I'm very hostile to a lot of hipster tech but Kafka is one of the few genuinely good pieces of tech from the whole "Big Data" craze of the past decade.

bskrobisz · on Nov 16, 2021

It seems weird to hear "a company here in Japan called LINE" -- LINE is big enough in Japan that it sounds kind of equivalent to "a company here in America called Discord".

hardwaresofton · on Nov 16, 2021

I think that works one way but not the other -- America has the blessing of being the source of lots of new apps and tech companies with global success/ambitions (i.e. Discord has some penetration for gamers anywhere), but Japan is less so.

AFAIK LINE has not had such success. I wouldn't be surprised if most people in the US did not know of LINE, unless they were avid readers of TechCrunch or something it just doesn't come up.

Would be interesting to know what % of people on HN know about LINE though

saagarjha · on Nov 16, 2021

I’m pretty sure LINE has more than twice the users that Twitter has. Not knowing it is like not knowing about WeChat: it’s because you’re not familiar with things outside of the US, rather than not being up-to-date with the space in general.

zild3d · on Nov 16, 2021

Never heard of LINE, but looks like they're around 85M monthly active users, twitter somewhere past 330M

https://www.statista.com/statistics/560545/number-of-monthly...

fomine3 · on Nov 17, 2021

The statistics only count users in Japan. It is also used on other asia countries.

kortex · on Nov 16, 2021

How well does Kafka handle high density data (e.g. A/V and images)? I'm scouting out systems for our computer vision pipeline and Kafka would simplify the aggregation/collimation step for marshalling to GPUs, and it would be simplest if I can just send raw frames vs some alternate transport.

hardwaresofton · on Nov 16, 2021

I think the important thing there would be the frame size no? Clearly Kafka can handle the throughput side of things but it doesn't seem to be meant for large messages out of the box[0].

I wouldn't be surprised if it was perfectly fine though -- with compression (and all the video/image specific tricks) the file sizes should get pretty small...

[0]: https://stackoverflow.com/questions/21020347/how-can-i-send-...

kortex · on Nov 16, 2021

Thanks. That's kinda what I figured, but wanted to sounding board it out a bit as a sanity check.

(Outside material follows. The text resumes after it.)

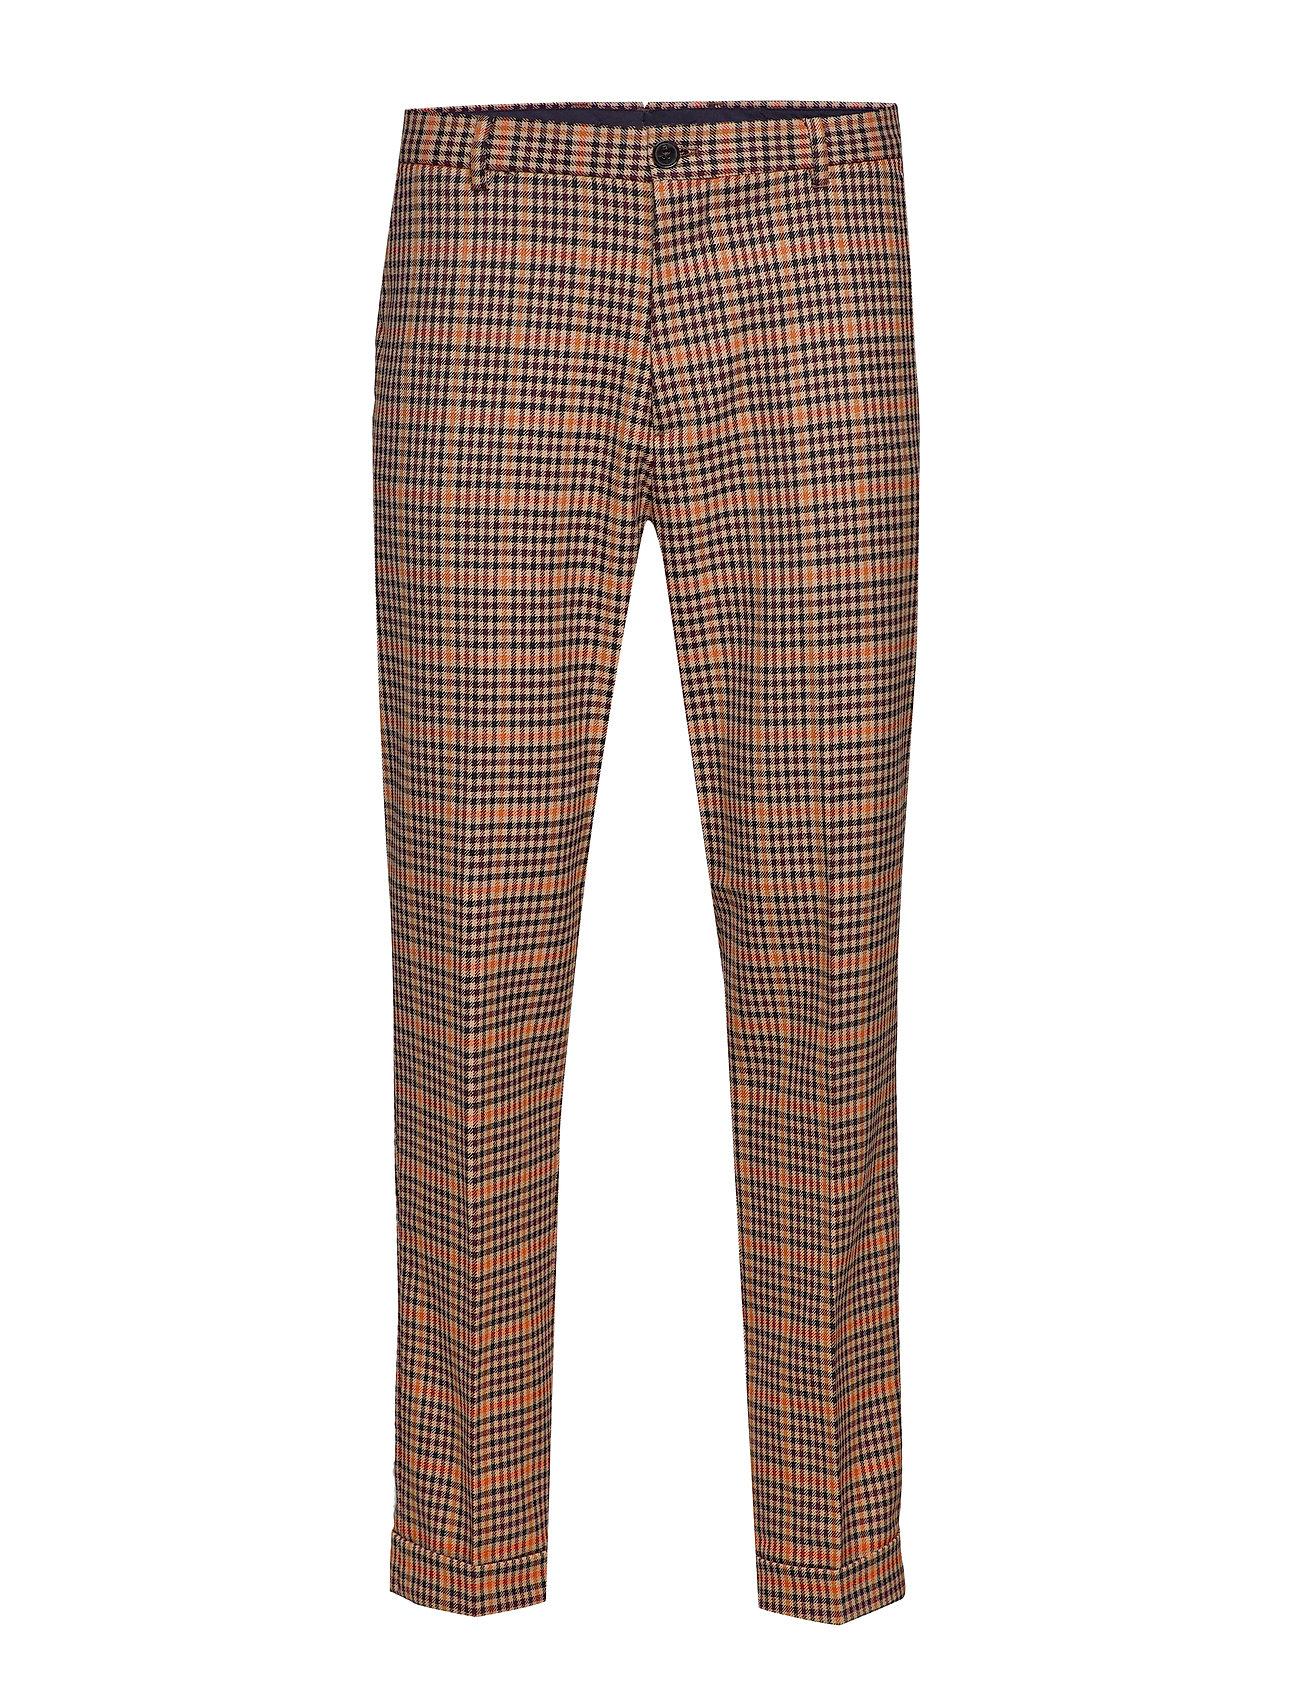 Scotch & Soda SEASONAL FIT- Chic gentlemans chino in yarn-dyed pattern - COMBO B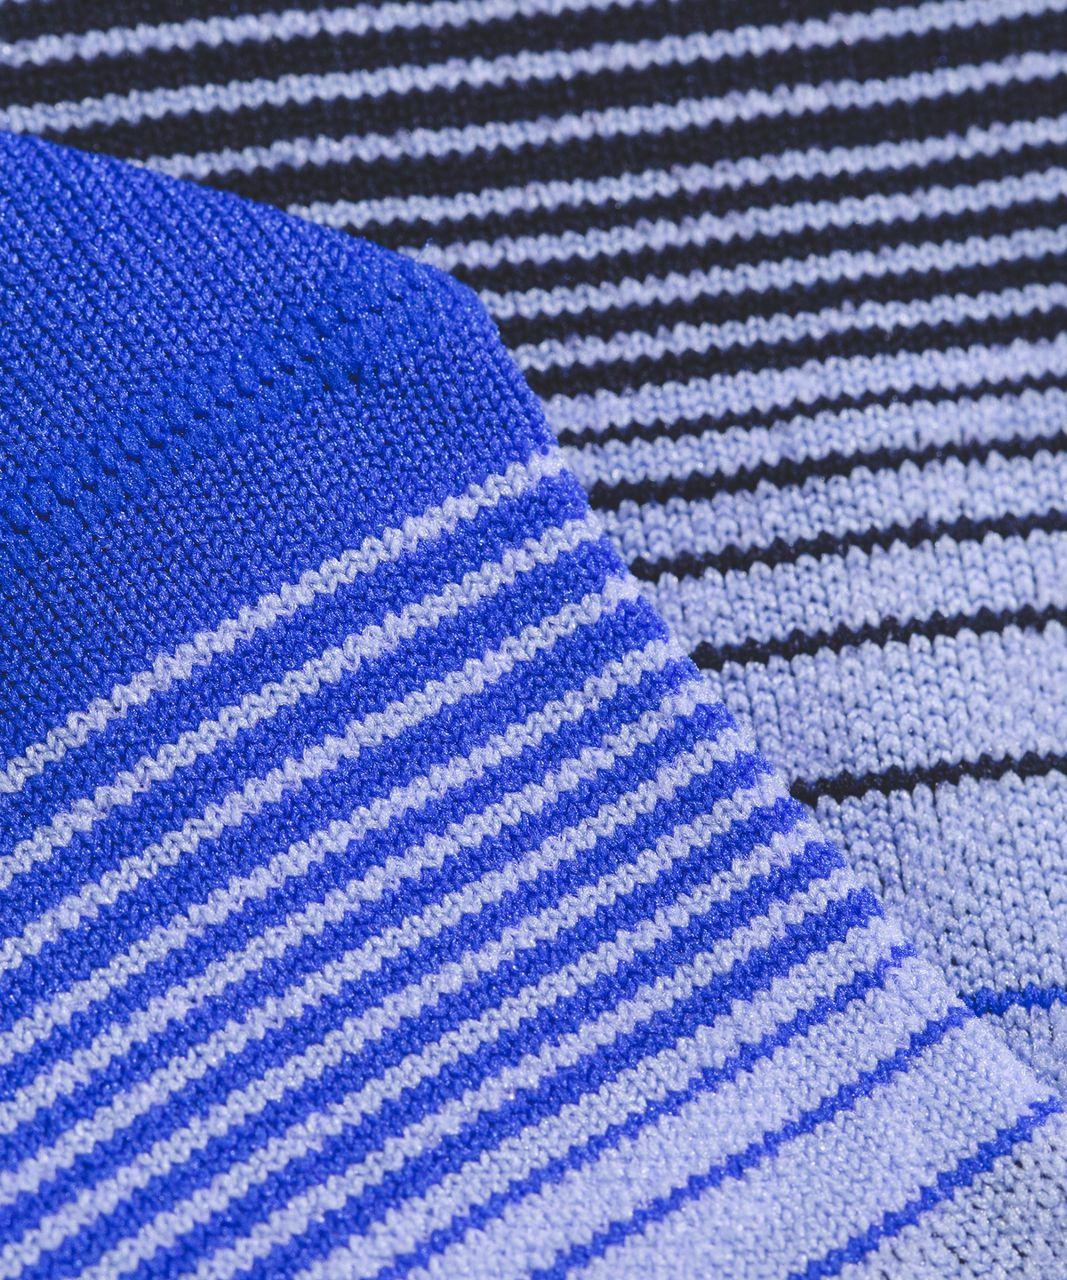 Lululemon Play All Day Sock - Blazer Blue / Hydrangea Blue / Midnight Navy

The link is a great reference by the way.

> Your API should use cloud storage (for example, AWS S3) and simply push a reference to S3 to Kafka or any other message broker.

This is more or less what I figured. We already archive to S3 anyways so switching to using it as transport would be straightforward.

hardwaresofton · on Nov 16, 2021

> Thanks. That's kinda what I figured, but wanted to sounding board it out a bit as a sanity check.

I'm by no means a Kafka expert or a video expert of course, but glad I could serve as a rubber duck. Maybe there's some lessons to be learned from Encore?[0]

> The link is a great reference by the way.

Yeah the amount of info in there is pretty good -- feels like Kafka could definitely be tuned to do the job but maybe it's better to just start with something better attuned.

> This is more or less what I figured. We already archive to S3 anyways so switching to using it as transport would be straightforward.

Yeah I figured this is what you were trying to avoid -- the round trips to S3 to get the data to the processing would be wasteful if the data is in this case small enough to flow along the processing route. Guess it really depends on your data. I could have sworn I saw some analysis of how kafka performs versus the size of messages it must deliver...

Looks like DZone has some good content[1], LinkedIn of course[2]... Ah I finally found the one I was looking for and it's DZone[3]. All those links make mention of message size

[0]: https://svt.github.io/encore-doc/

[1]: https://dzone.com/articles/processing-large-messages-with-ap...

[2]: https://engineering.linkedin.com/kafka/benchmarking-apache-k...

[3]: https://dzone.com/articles/benchmarking-nats-streaming-and-a...

pram · on Nov 16, 2021

It can, but this depends on the volume and size of the topic messages. The broker and consumer will need a LOT more memory. I did this at a previous job and the GC on the broker started getting very shitty and performance was crap. Consumers were constantly getting OOM and needed bigger containers, etc. It was a bad idea and we just moved the stuff to S3.

wdb · on Nov 17, 2021

Are they any alternative that aren't using the Java runtime?

hardwaresofton · on Nov 18, 2021

NATS is built with golang which is one of the reasons I like it…

https://github.com/nats-io/nats-server